Originally Published in: Ad Exchanger
November 27th, 2017
“Data-Driven Thinking” is written by members of the media community and contains fresh ideas on the digital revolution in media.
Today’s column is written by Chris Dobson, CEO at The Exchange Lab.
Machine learning is revolutionizing digital advertising, driving efficiency through advanced algorithmic decision-making, and could generate $42 billion in annual ad spend by 2021.
To get the best out of these technologies, however, marketers need to be aware of potential inaccuracies in the data they are using. They must also understand the limitations inherent in their data sources and figure out how to overcome them.
Using machine learning, marketers can theoretically optimize advertising campaigns to specific business outcomes, such as conversions, by creating a closed loop where performance insights are fed back into the decision-making process. Advanced algorithms determine which ad placements are most effective at driving the required results, and these insights can be used to uplift spend on the best performing sites and generate maximum ROI.
It’s important for marketers to remember that performance data used by machine learning can be inaccurate and incomplete. Algorithms can only optimize against the data they are given, so if this information is flawed, advertising campaigns won’t reach their full potential. Comparing data used by buy-side platforms to optimize campaigns, with the data used by advertisers to measure performance, reveals some significant discrepancies.

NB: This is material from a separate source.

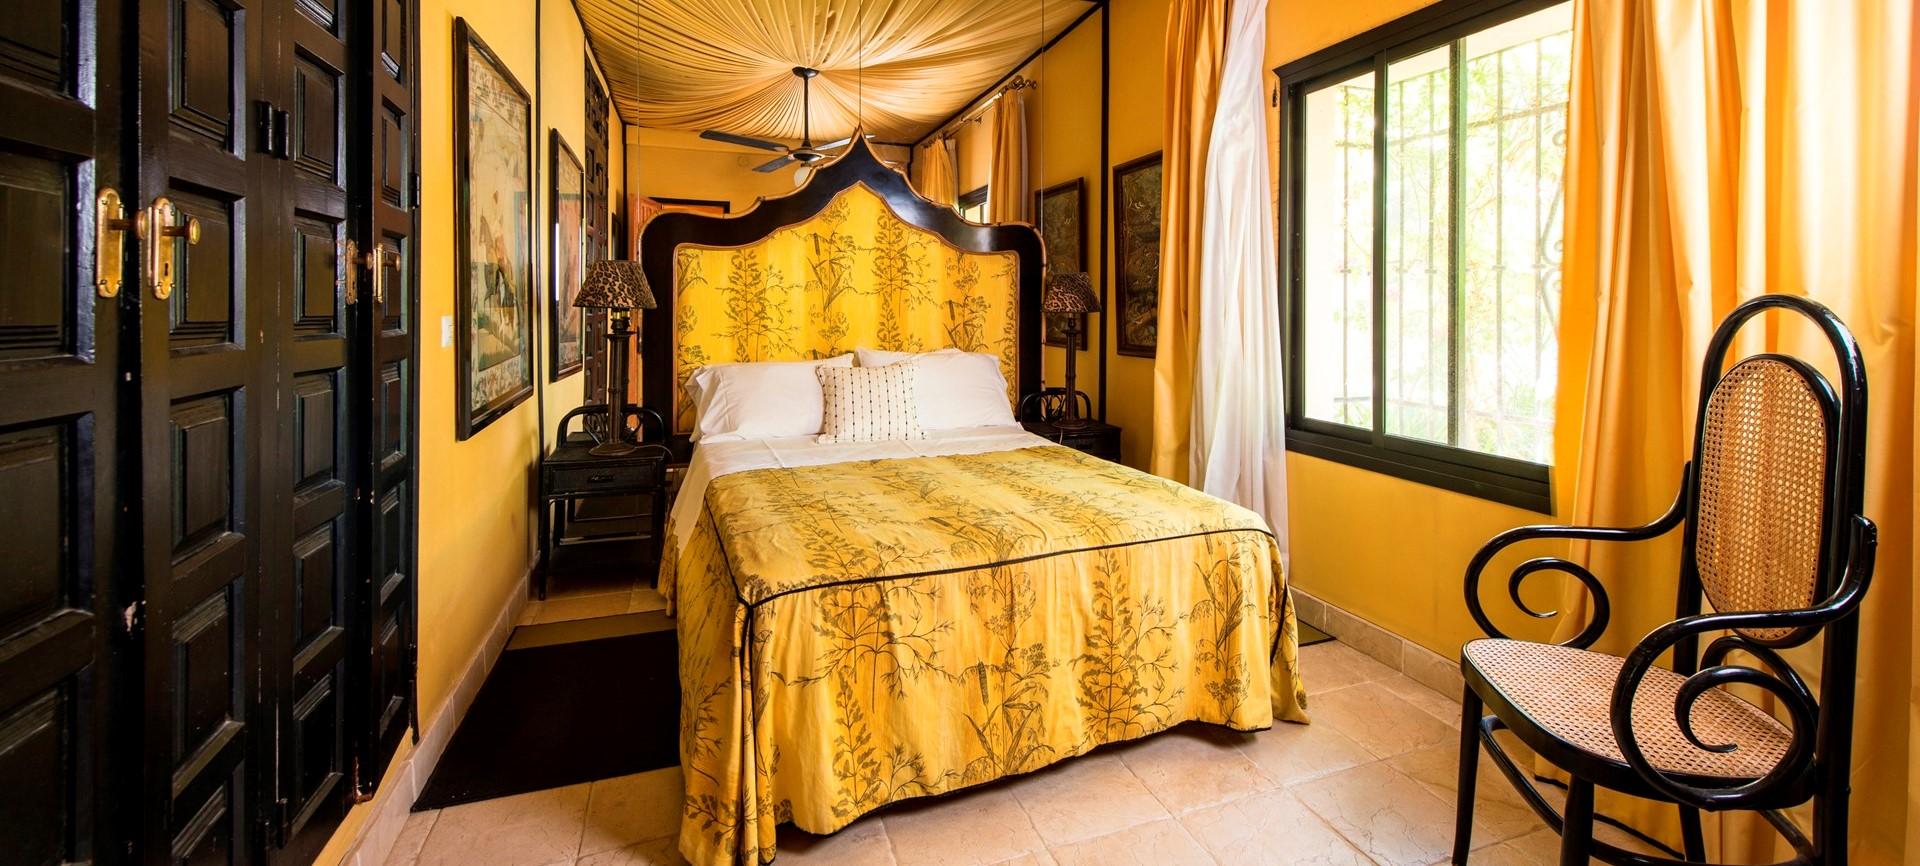 villa-marbella-double-bedroom2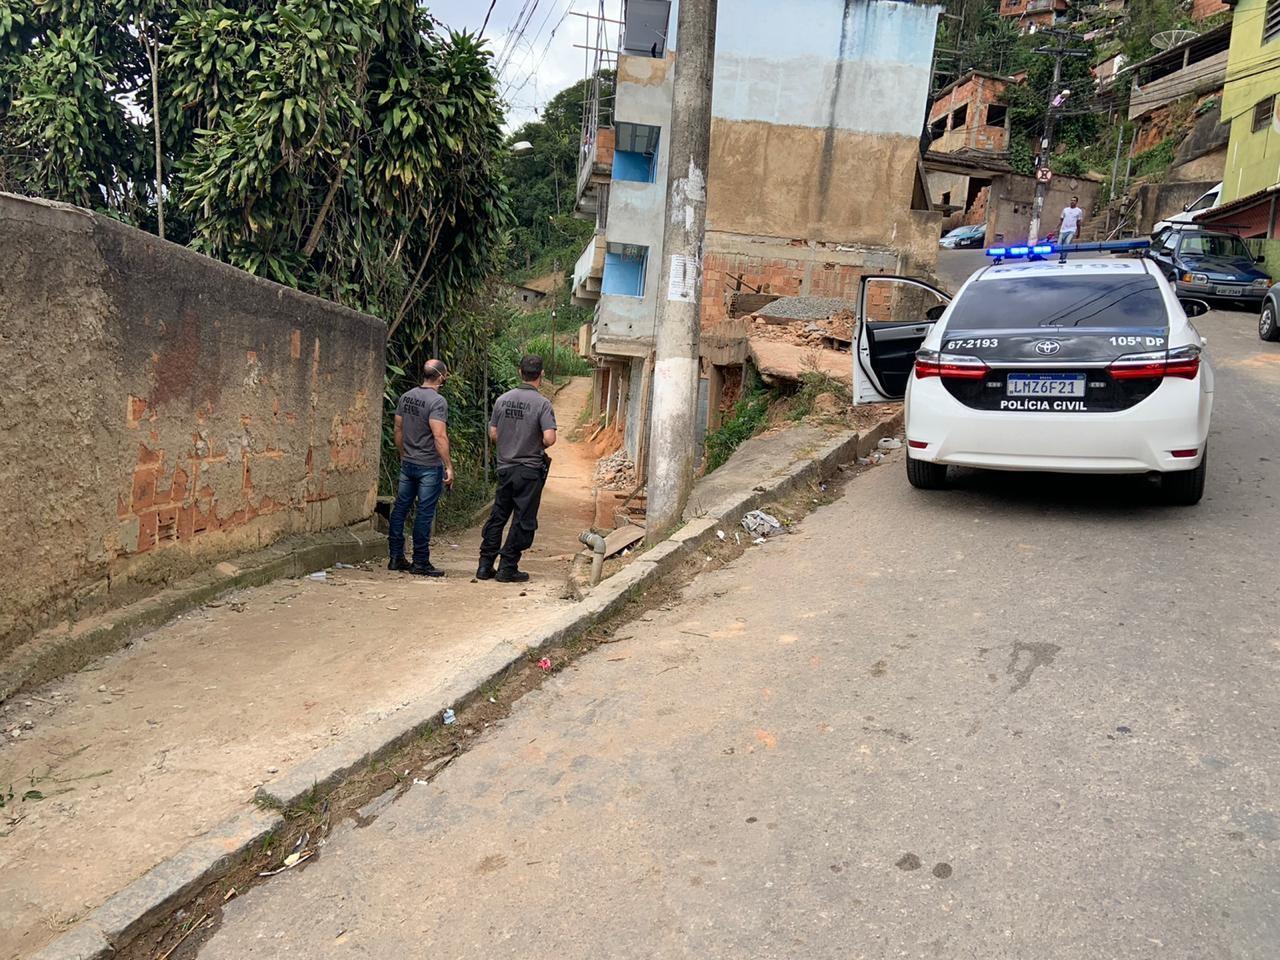 Suspeito de matar idosa com enxada e tampa de panela após briga por lixo se entrega a polícia em Petrópolis, no RJ

Demand-Side Platform View Vs. Ad-Server View
When a demand-side platform (DSP) buys ad space it is informed by multiple data streams, including insights on conversions and sales.
When consumers book a holiday online, for example, their confirmation page will contain a conversion pixel from the DSP to track the touch points that consumers have been exposed to along their paths to purchase, and those interactions will receive conversion credit. This data is then used by machine learning algorithms to determine which inventory to bid on for future placements and how much to bid.
However, the DSP is not the only provider to place tracking pixels on conversion pages. There will also be a pixel from the ad server, such as Google’s DoubleClick Campaign Manager, which is used by advertisers to measure campaign performance. While the DSP only sees its own digital activity and uses the limited data from that activity to feed its algorithm, the ad server has a more holistic view of all digital media activity, including search, other media buyers and the original DSP. This is why marketers should be cautious when relying too heavily on data from the DSP alone.
Dramatically Diverse Results
Comparing these two data sets – the more comprehensive attribution data from the ad server and the less complete performance data from the DSP – provides a picture of how accurate the data-feeding machine learning algorithms really are, and the differences can be remarkable.
In my experience, I’ve seen cases where the DSP and ad server may only agree the same impression is responsible for a conversion half the time. The DSP may record more desktop conversions than smartphone conversions, while the ad server may report the opposite. And in many cases, the DSP may record a conversion on a website where the ad server detects no conversions at all.
Assuming the ad server data is more accurate, due to its more complete overview of digital activity, these discrepancies mean machine learning algorithms are optimizing campaigns based on imprecise data, resulting in suboptimal performance. With the data on the two sides of the ecosystem only matched half the time, buy-side platforms may optimize against results that can be up to five times different from the volume of conversions an advertiser might record.
Factoring In Data Discrepancies
It would be a mistake for marketers to plan for or anticipate these inconsistencies by assuming there will always be a given percentage degree of inaccuracy in DSP data. The discrepancies vary according to campaign, so there is no way for marketers to extrapolate the data and produce a hard and fast rule.
The better approach then, is to look at the differences on an individual basis to determine how best to use the information available to truly optimize ad campaigns. To ensure machine learning algorithms are working effectively, marketers must stop relying on the limited data generated by DSPs and instead feed them with more complete data sets that consider activity across all digital touch points.
Marketers can use machine learning to increase the efficiency and effectiveness of their advertising campaigns, enhancing customer engagement and maximizing ROI, but the algorithms that drive it must be fed the right data. It could be damaging for brands to rely on incomplete or inaccurate data to inform campaigns, which therefore makes it vital that marketers use data on a case-by-case basis when optimizing. Where this doesn’t happen, marketers are potentially missing out on the exceptional opportunities machine learning has to offer.